July 21, 2022

Global ingredients and food processing players, Givaudan, Bühler and Cargill, have formed a consortium in collaboration with the Food Tech Hub LATAM and Institute of Food Technology (ITAL), to build a food innovation centre in the city of Campinas, a tech hub in Brazil.

Called the Tropical Food Innovation Lab, it will be located at ITAL and will be positioned as the go-to place in the region to connect sustainable future food and beverage producers for the development of new products. It is expected to open in the first quarter of 2023.

Rapid prototyping

The 1,300 square-metre tropical food laboratory will be wooing everyone from startups and investors, to universities and research institutions. They will have direct access to high-end technologies for rapid prototyping and subsequent plugging into the global food tech ecosystem in order to foster innovation in the food and beverage sector.

The most up-to-date generation of wet and dry extrusion systems for plant-based proteins, as well as beverages processing units, will add complementary capabilities to the existing facilities of ITAL. When complete, the new addition to ITAL will feature new application labs and a state of the art demo kitchen where consumers, food scientists, nutritionists, chefs, mixologists and marketers, among other professionals, can create sustainable new products.

Tropical Food
The new Tropical Food Innovation Lab should be ready in Q1 2023.

Rich plant biodiversity

Brazil has the richest plant biodiversity on the planet, distributed in six major biomes and is one of the world’s main food producers. But immense potential still remains with regards to healthy and sustainable products, novel foods and food waste reduction. All of that, driven by the new Tropical Food Innovation Lab, can help in contributing to a transformation in food systems.
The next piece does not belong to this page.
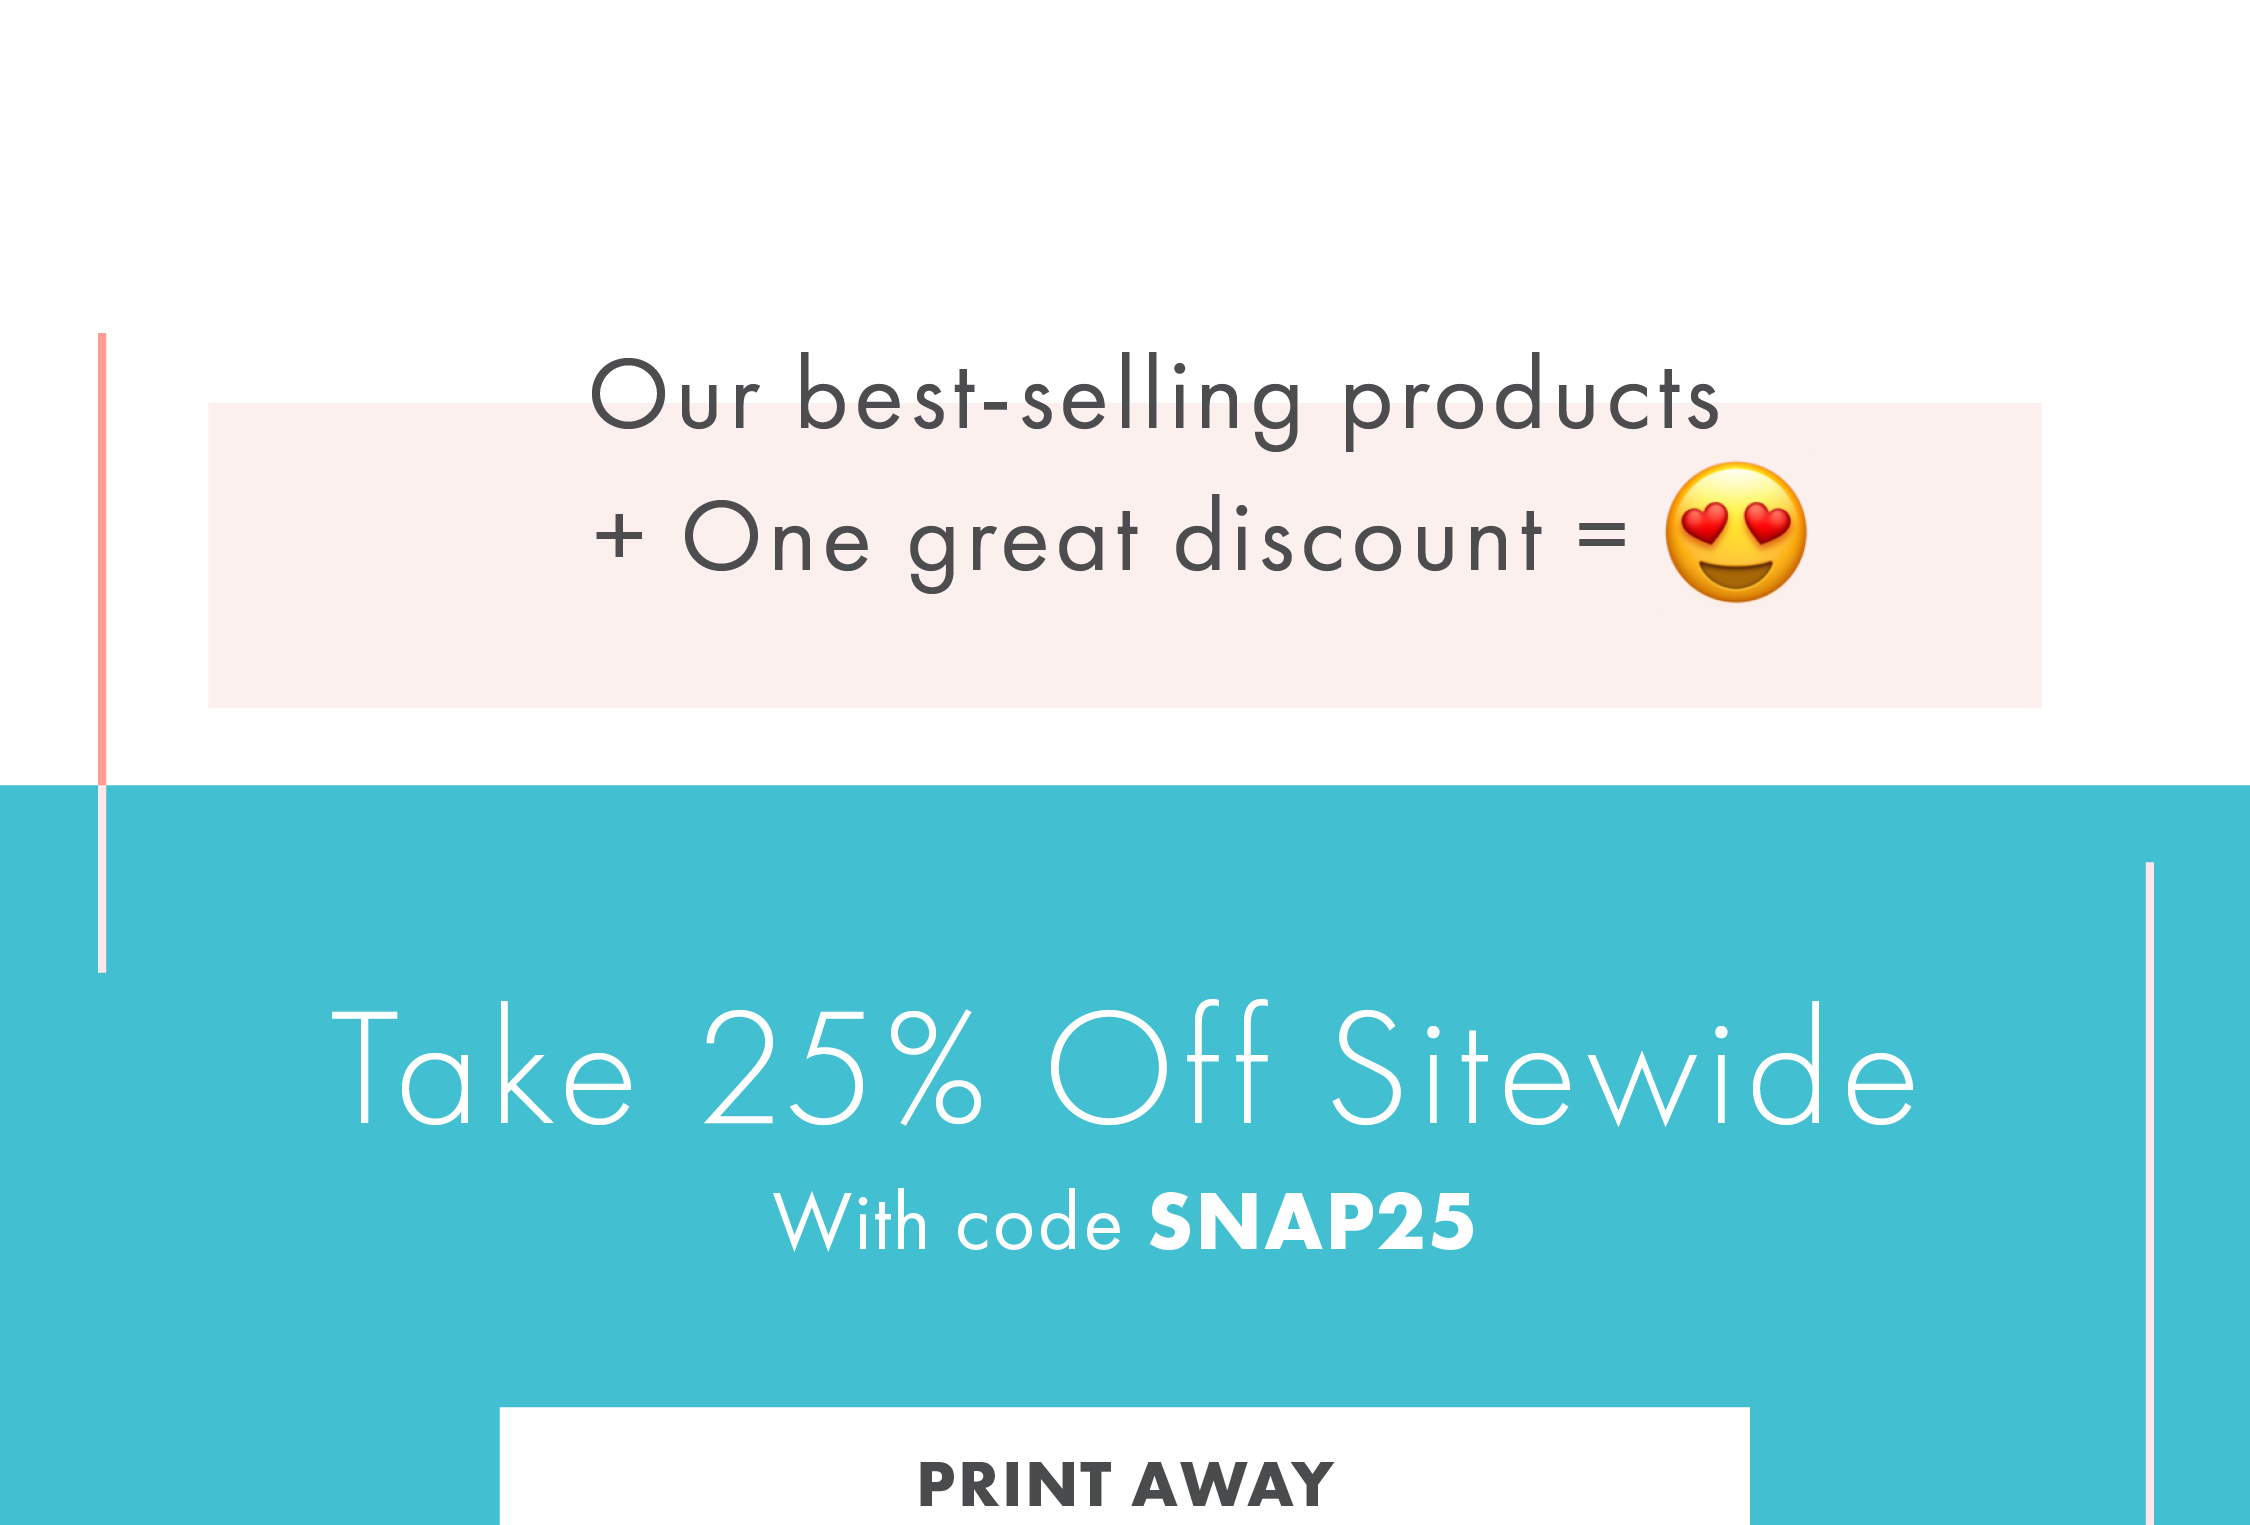 Our best-selling products + One great discount = ??  Take 25% off sitewide With code SNAP25 - PRINT AWAY

“ITAL with its almost 60 years of history in Brazil has become a market reference in carrying out research and development as well as providing technological and innovation support,” said the institute’s deputy director Gisele Camargo. “Sharing our facilities will help to carry out joint RD&I activities with the aim of establishing tools for the creation of an innovation food ecosystem as well transferring technology for the food production sector to stimulate socioeconomic development.”